Il modello di Bar-On prevede l’articolazione dell’intelligenza emotiva e sociale in 15 fattori specifici, raggruppati a loro volta in cinque diverse componenti composte:

 Intrapersonale, costituita da considerazione di sé, consapevolezza emotiva, assertività, indipendenza e autorealizzazione. Questa dimensione riguarda la consapevolezza e la comprensione delle proprie emozioni, nonché la capacità di esprimerle.

 Interpersonale, in cui si trovano empatia, responsabilità sociale e relazioni interpersonali. Essa è relativa alla capacità di un soggetto di comprendere le emozioni altrui, per creare relazioni durature nel tempo.

 Gestione dello stress, costituita da tolleranza dello stress e controllo degli impulsi. Questa dimensione riguarda la capacità di affrontare situazioni cariche di stress, mantenendo il controllo delle proprie emozioni che da essa derivano.

 Adattabilità, che si compone di esame della realtà, flessibilità e problem-solving. Questa dimensione si riferisce alla capacità di modificare le proprie emozioni e quelle altrui, per adattarle a seconda dell’ambiente dinamico esterno.
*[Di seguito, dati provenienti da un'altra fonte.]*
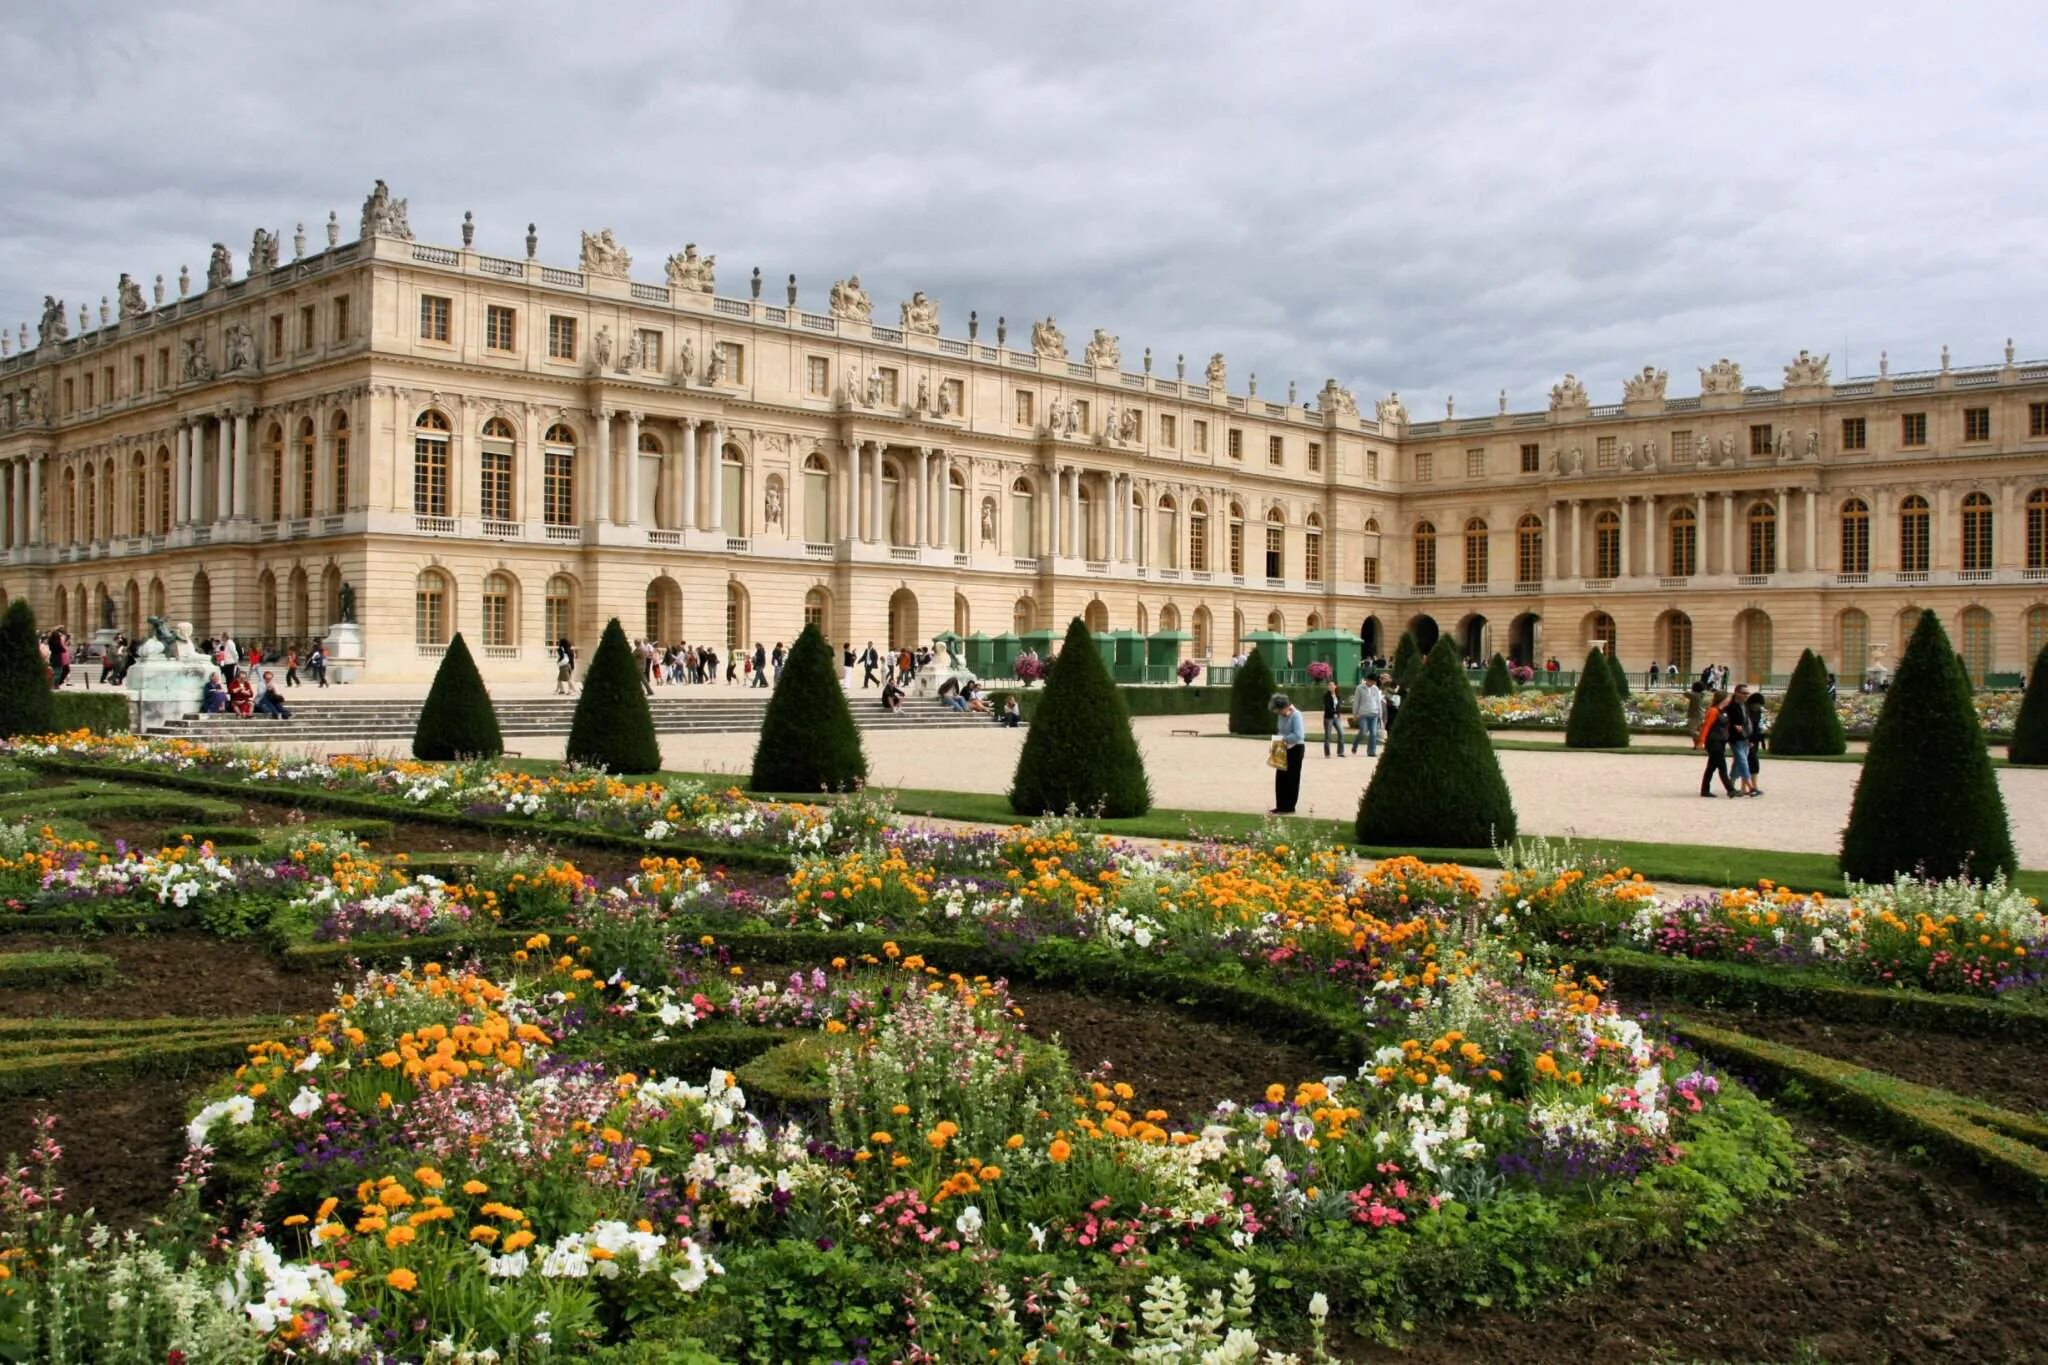 Французский версаль. Версальский дворец Версаль Франция. Версаль дворцово-парковый ансамбль во Франции. Королевский дворец в Версале. Королевская резиденция Версаль.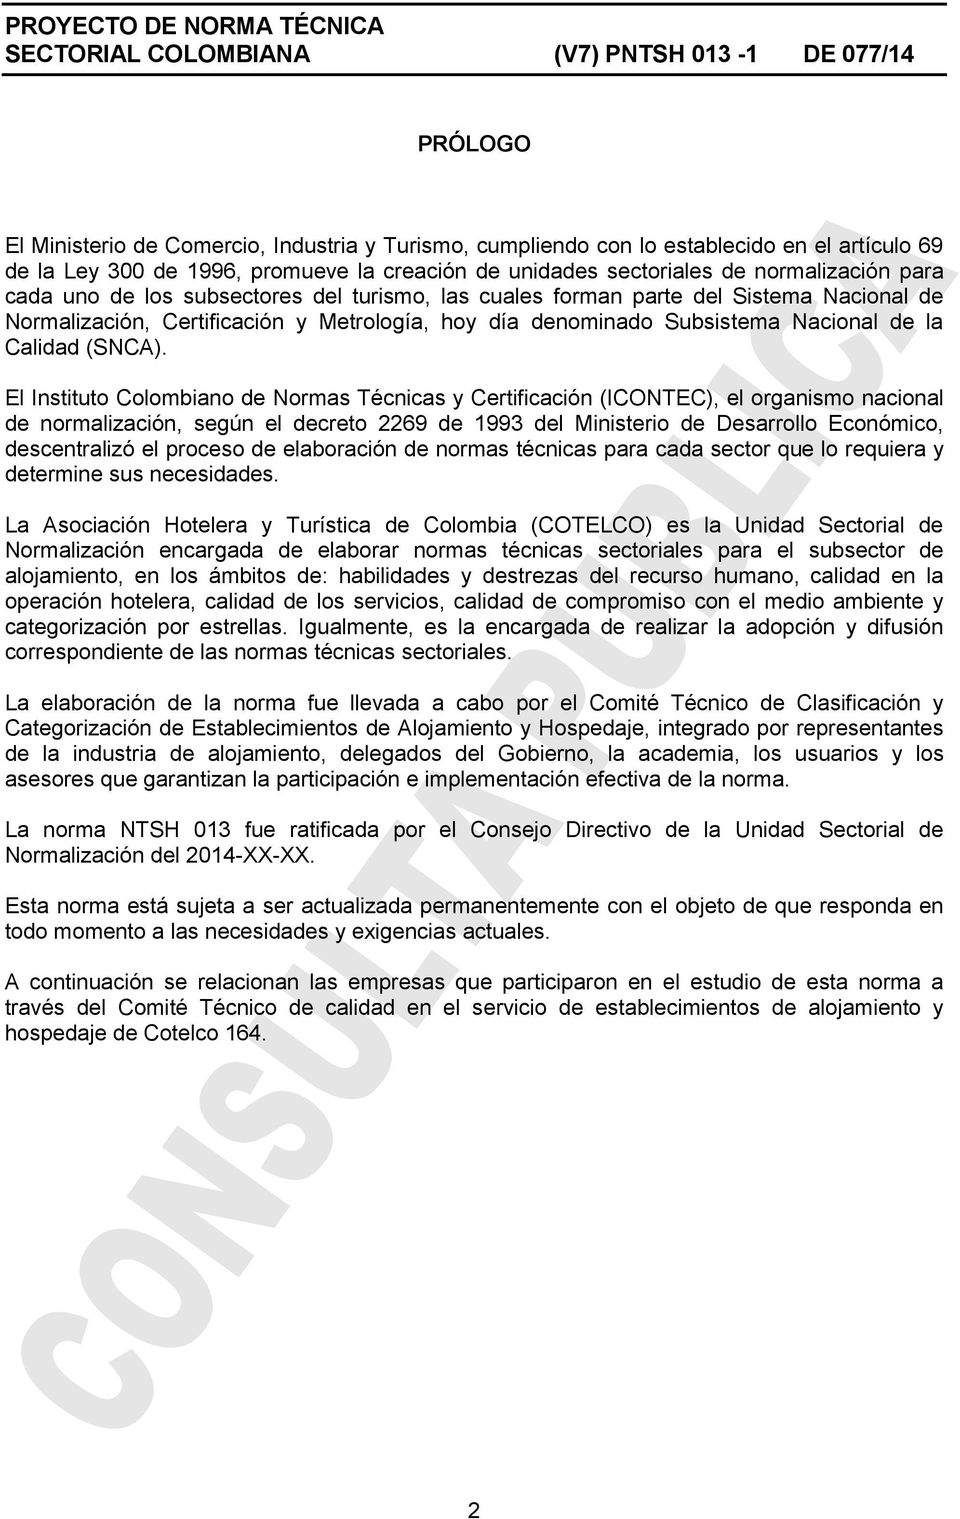 El Instituto Colombiano de Normas Técnicas y Certificación (ICONTEC), el organismo nacional de normalización, según el decreto 2269 de 1993 del Ministerio de Desarrollo Económico, descentralizó el

 Umore generale, composto da ottimismo e felicità. Esso comprende la capacità di affrontare le situazioni con ottimismo e motivazione, riuscendo a beneficiare della presenza degli altri.

Il modello di Bar-On dell’intelligenza emotivo-sociale può essere scomposto in due parti fondamentali. La prima è la concettualizzazione del costrutto individuata nel modello concettuale di Bar-On, mentre la seconda è relativa all’aspetto psicometrico del modello, cioè alla misurazione dell’intelligenza emotivo-sociale.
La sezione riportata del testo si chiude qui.